• **Problem requirements**: Please write out exactly the line containing "Cheapest way to go to Disney World" below and every line after it, through the last one, but leave out any pictures.

• **The data**:

^^^^

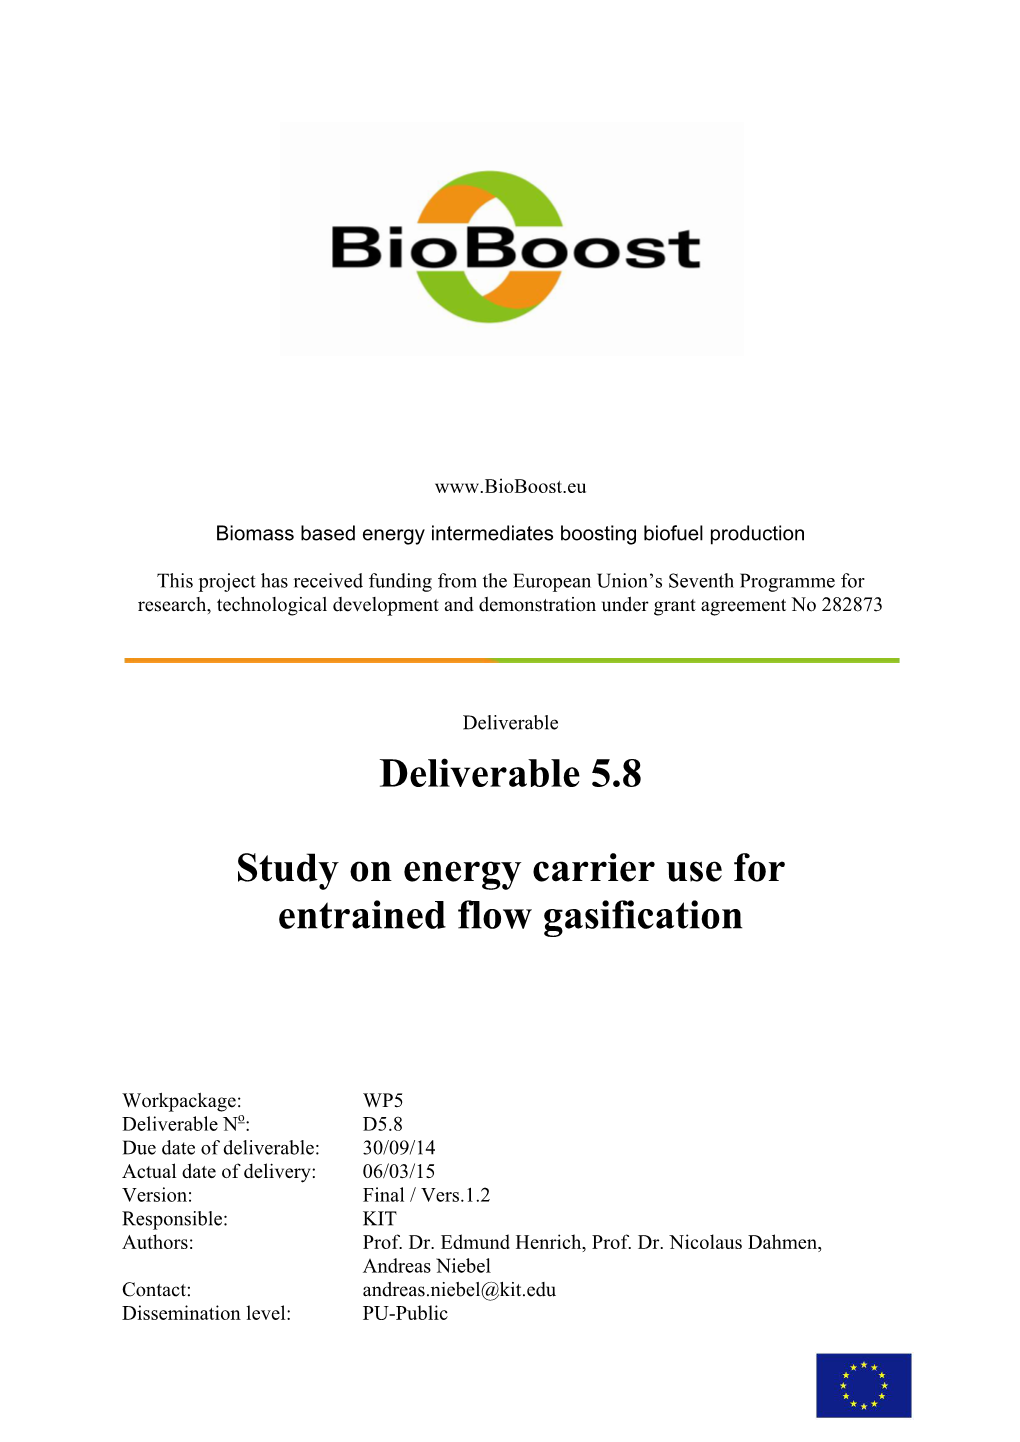 Del 5.8 Study on Energy Carrier Use for Entrained Flow Gasification
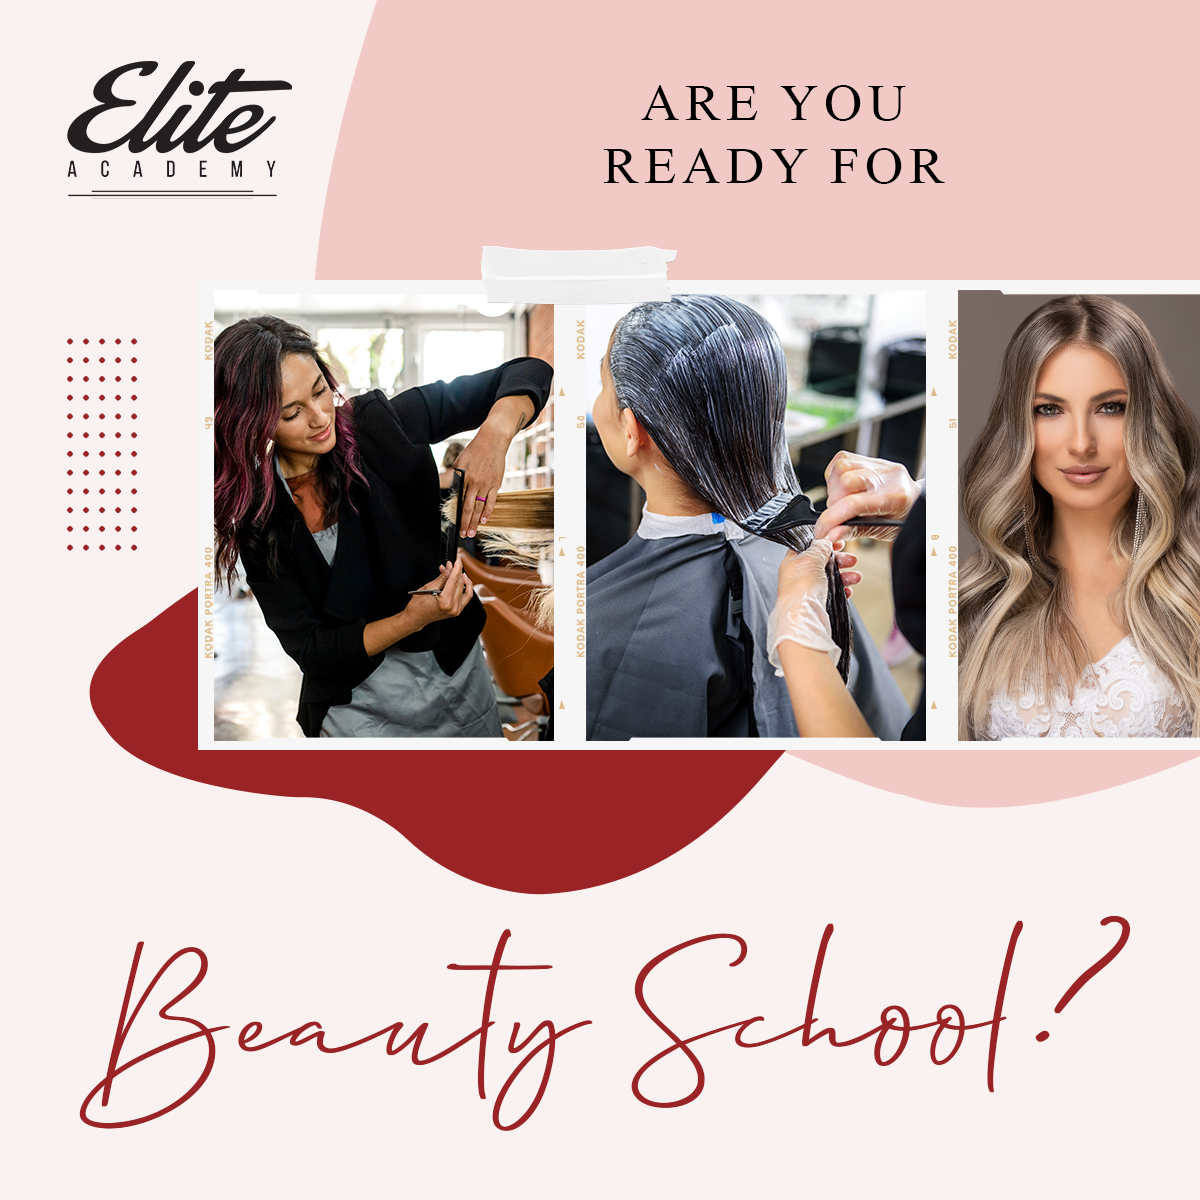 Are You Ready for Beauty School?
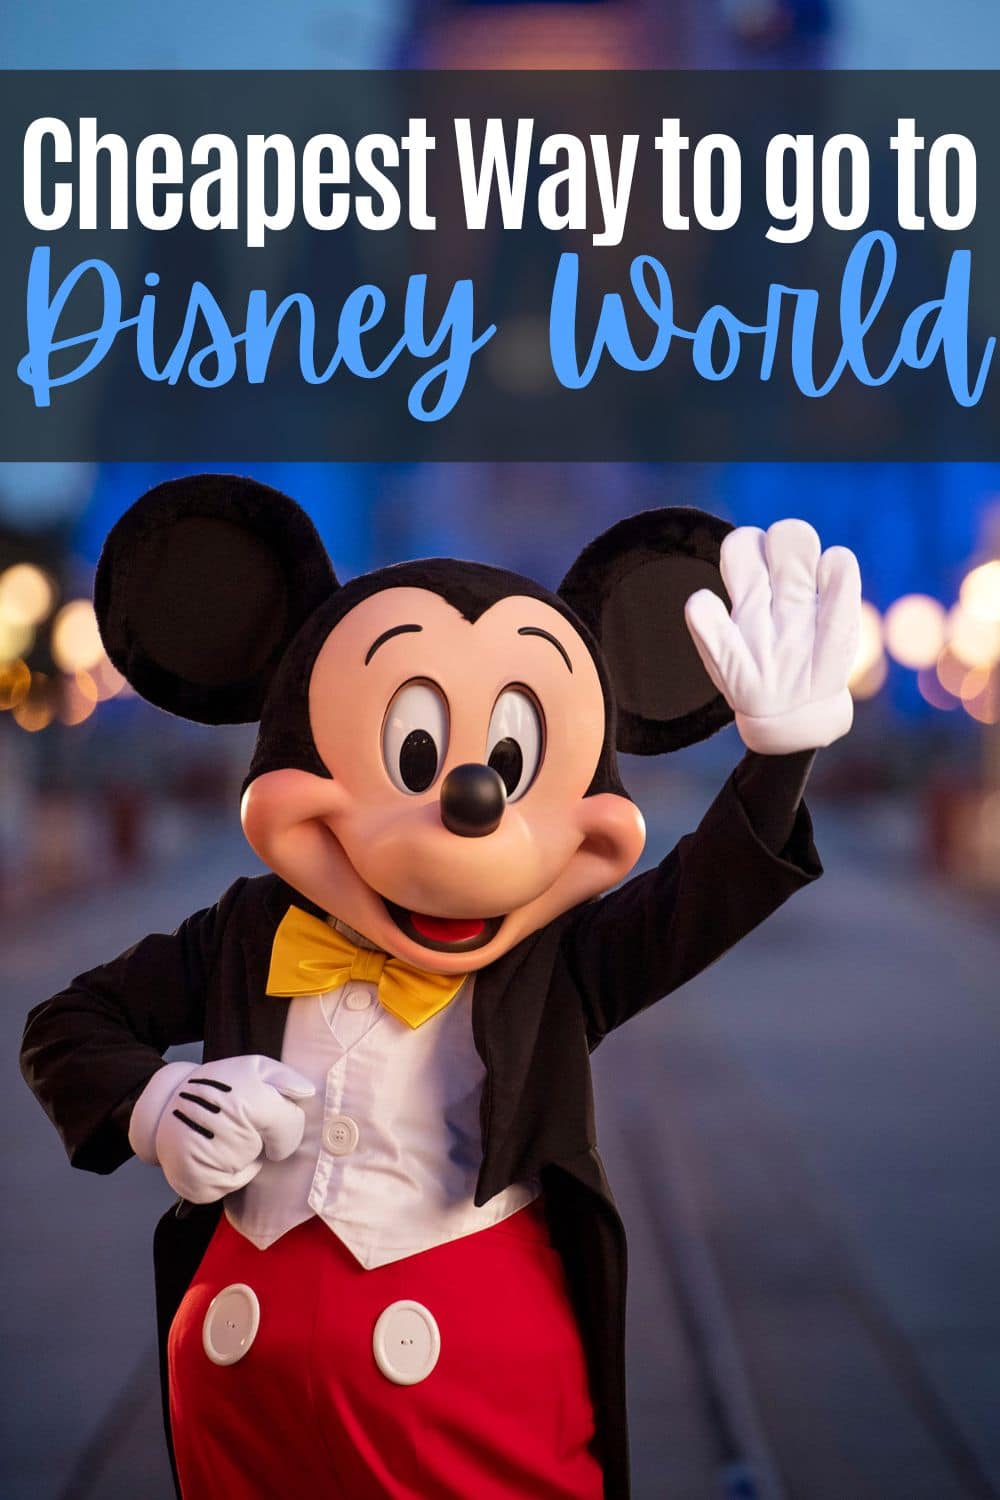 Cheapest way to go to Disney World
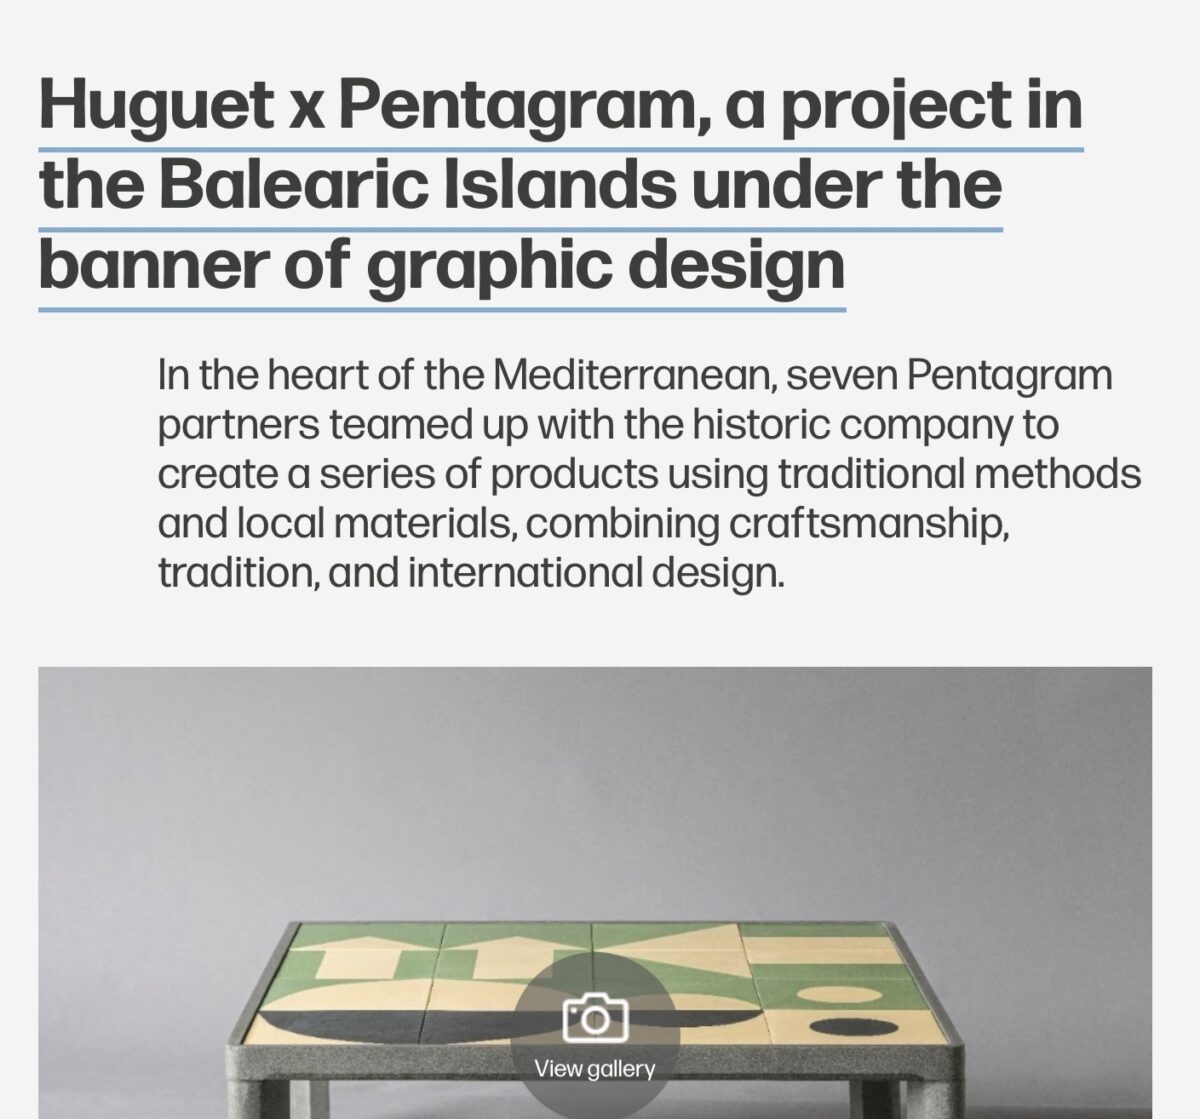 domus | Huguet x Pentagram, a project in the Balearic Islands under the banner of graphic design. 12/2022

^^^^

• **Output below**:
 Cheapest way to go to Disney World
 domus | Huguet x Pentagram, a project in the Balearic Islands under the banner of graphic design. 12/2022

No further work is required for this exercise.